Word for word, transcribe the lines below and drop the pictures.

• **Supplied data**
== Segment start ==

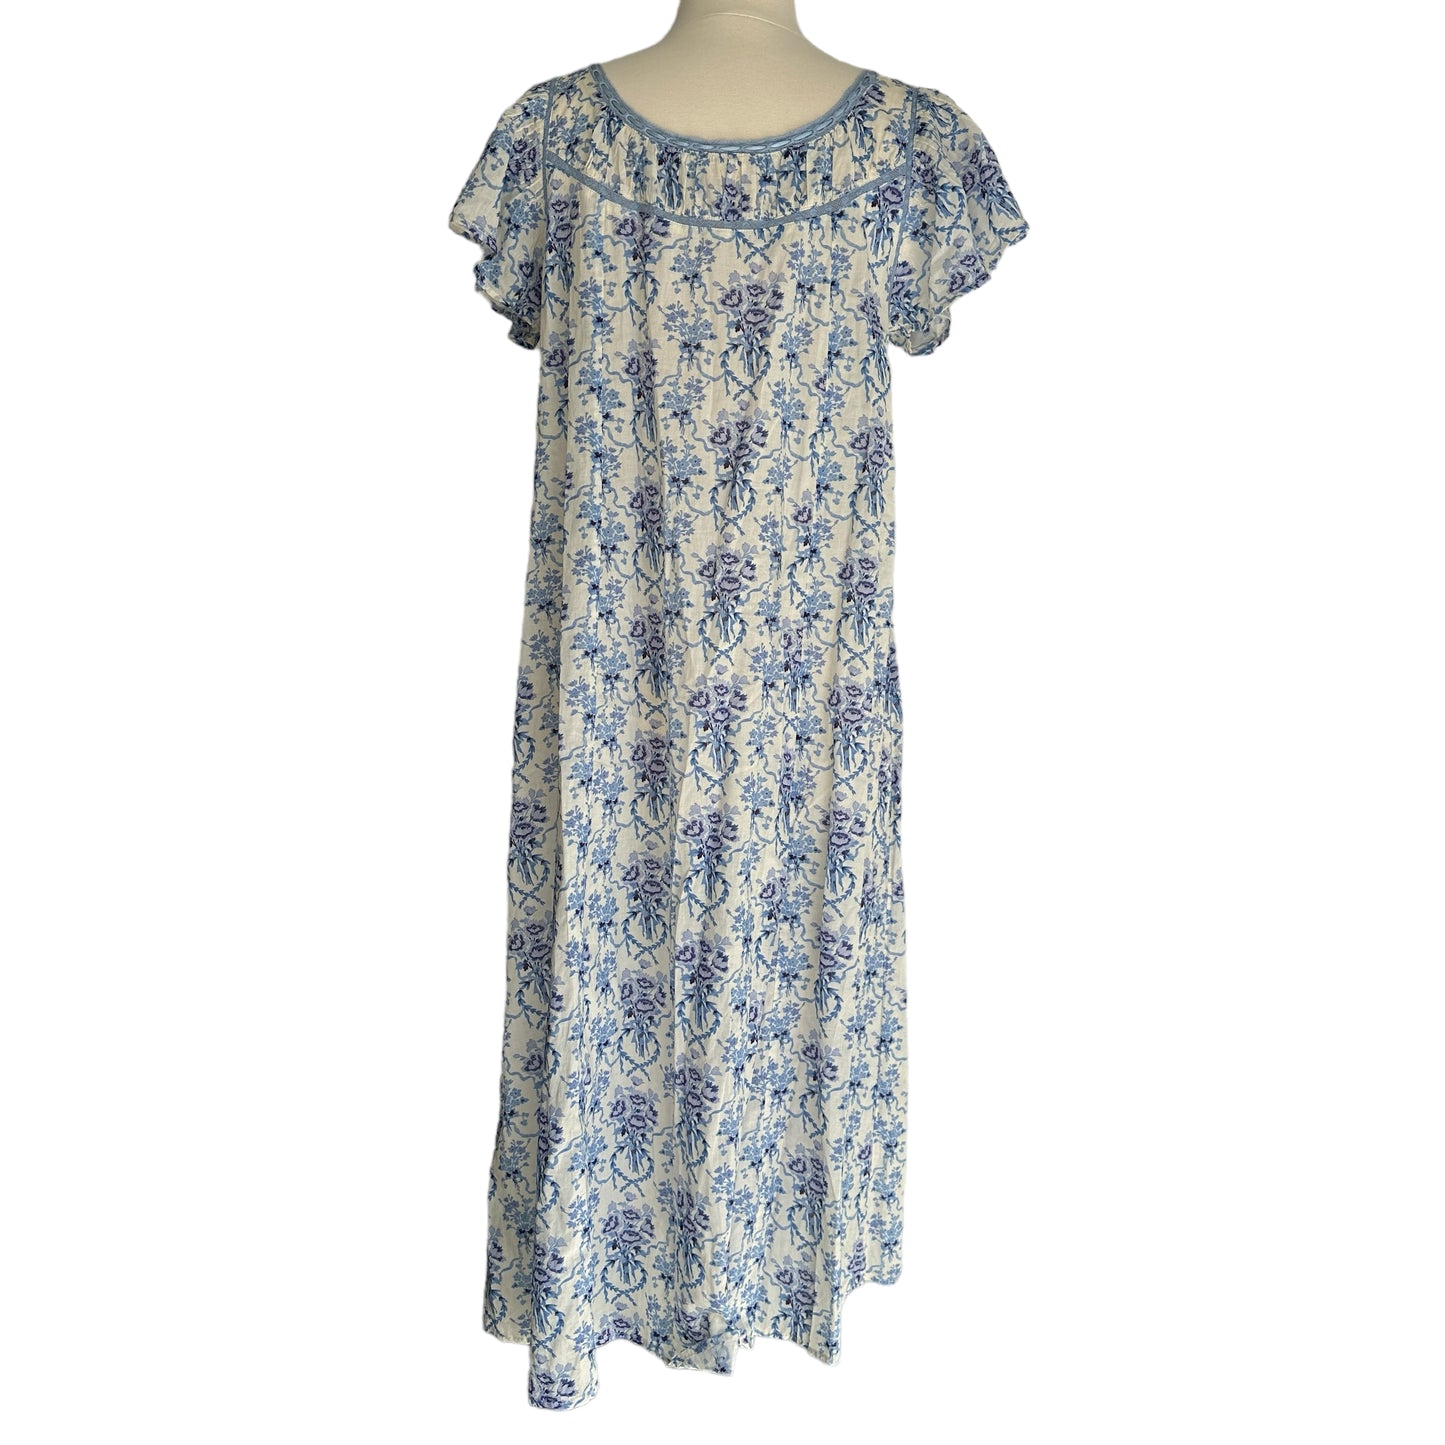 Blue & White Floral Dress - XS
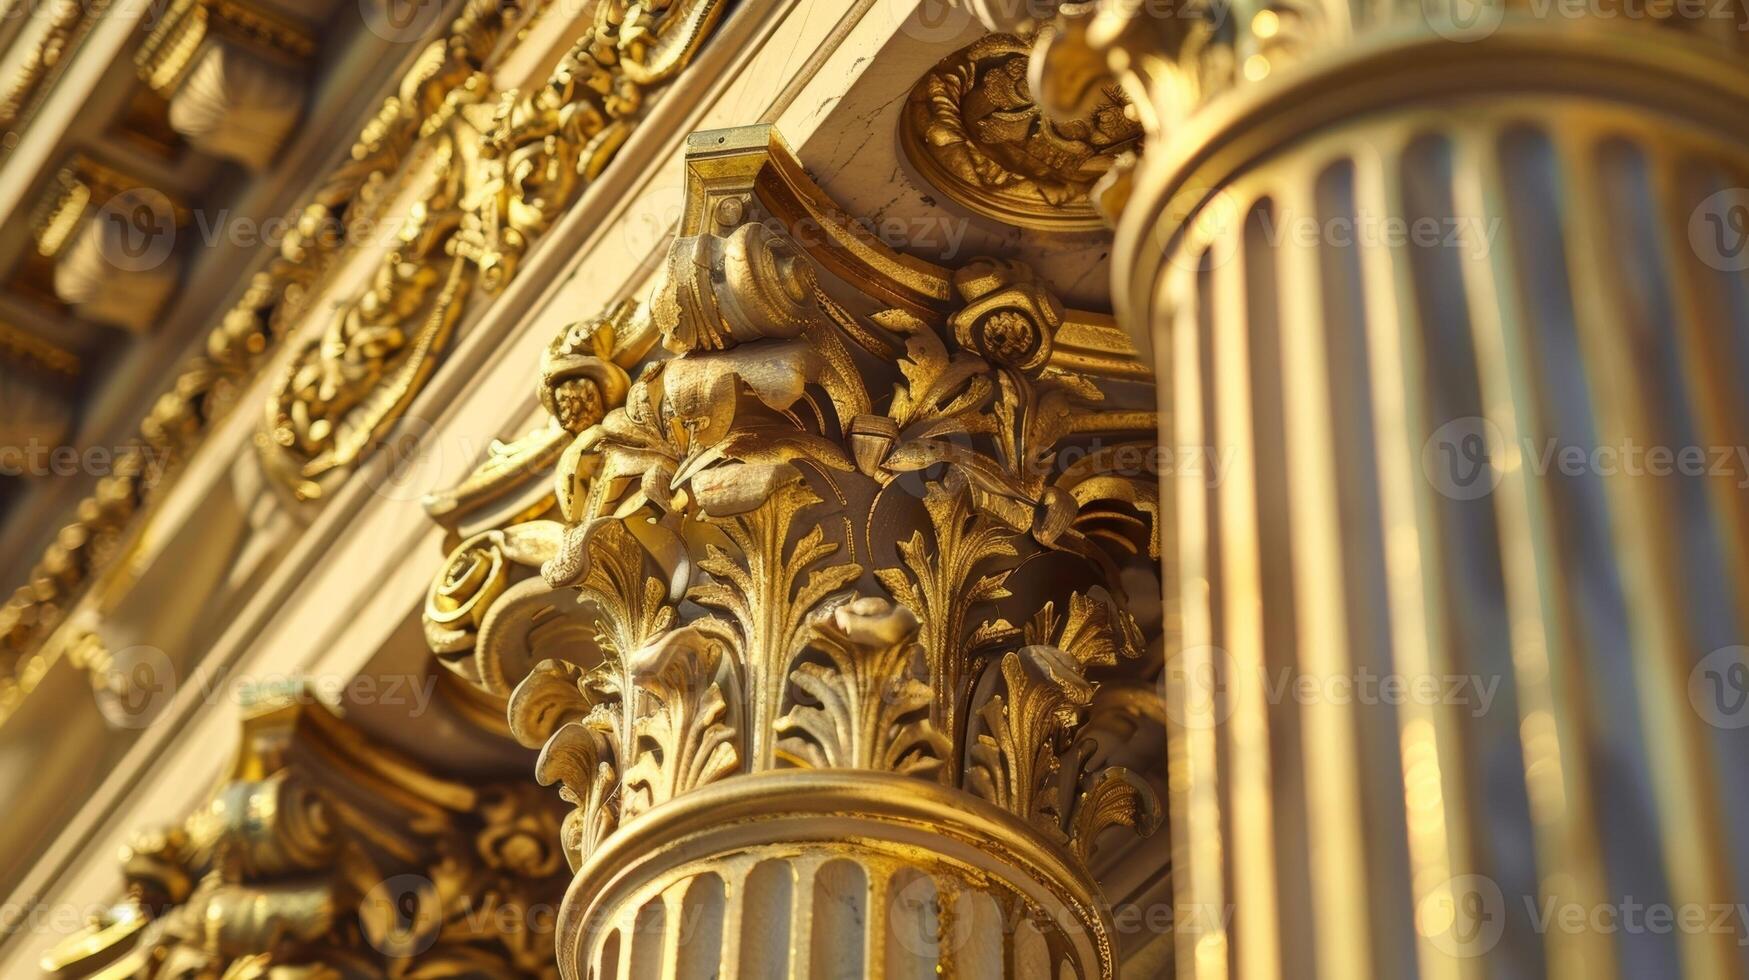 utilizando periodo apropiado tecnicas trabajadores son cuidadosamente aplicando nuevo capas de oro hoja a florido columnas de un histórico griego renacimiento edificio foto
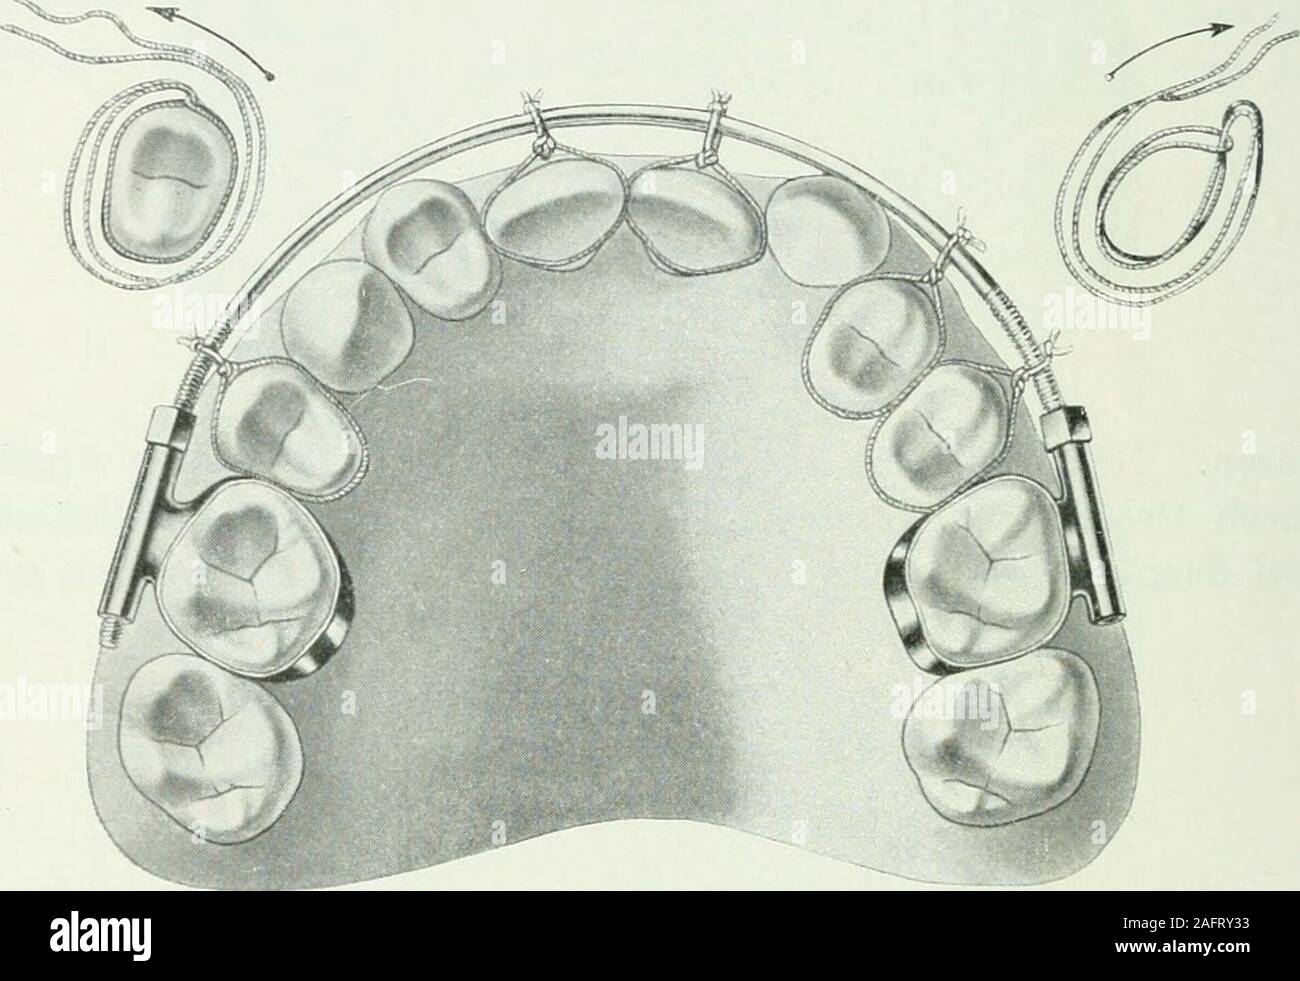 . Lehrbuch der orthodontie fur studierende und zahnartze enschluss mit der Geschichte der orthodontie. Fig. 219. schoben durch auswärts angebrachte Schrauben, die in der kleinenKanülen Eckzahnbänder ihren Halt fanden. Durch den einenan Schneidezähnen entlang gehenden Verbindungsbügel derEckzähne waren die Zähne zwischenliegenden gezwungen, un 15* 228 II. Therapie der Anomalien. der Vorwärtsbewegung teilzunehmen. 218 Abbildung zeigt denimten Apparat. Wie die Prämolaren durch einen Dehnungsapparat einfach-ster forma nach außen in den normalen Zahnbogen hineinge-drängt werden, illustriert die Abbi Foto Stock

== Segment end ==

• **Result below**
 Blue & White Floral Dress - XS
 utilizando periodo apropiado tecnicas trabajadores son cuidadosamente aplicando nuevo capas de oro hoja a florido columnas de un histórico griego renacimiento edificio foto
 . Lehrbuch der orthodontie fur studierende und zahnartze enschluss mit der Geschichte der orthodontie. Fig. 219. schoben durch auswärts angebrachte Schrauben, die in der kleinenKanülen Eckzahnbänder ihren Halt fanden. Durch den einenan Schneidezähnen entlang gehenden Verbindungsbügel derEckzähne waren die Zähne zwischenliegenden gezwungen, un 15* 228 II. Therapie der Anomalien. der Vorwärtsbewegung teilzunehmen. 218 Abbildung zeigt denimten Apparat. Wie die Prämolaren durch einen Dehnungsapparat einfach-ster forma nach außen in den normalen Zahnbogen hineinge-drängt werden, illustriert die Abbi Foto Stock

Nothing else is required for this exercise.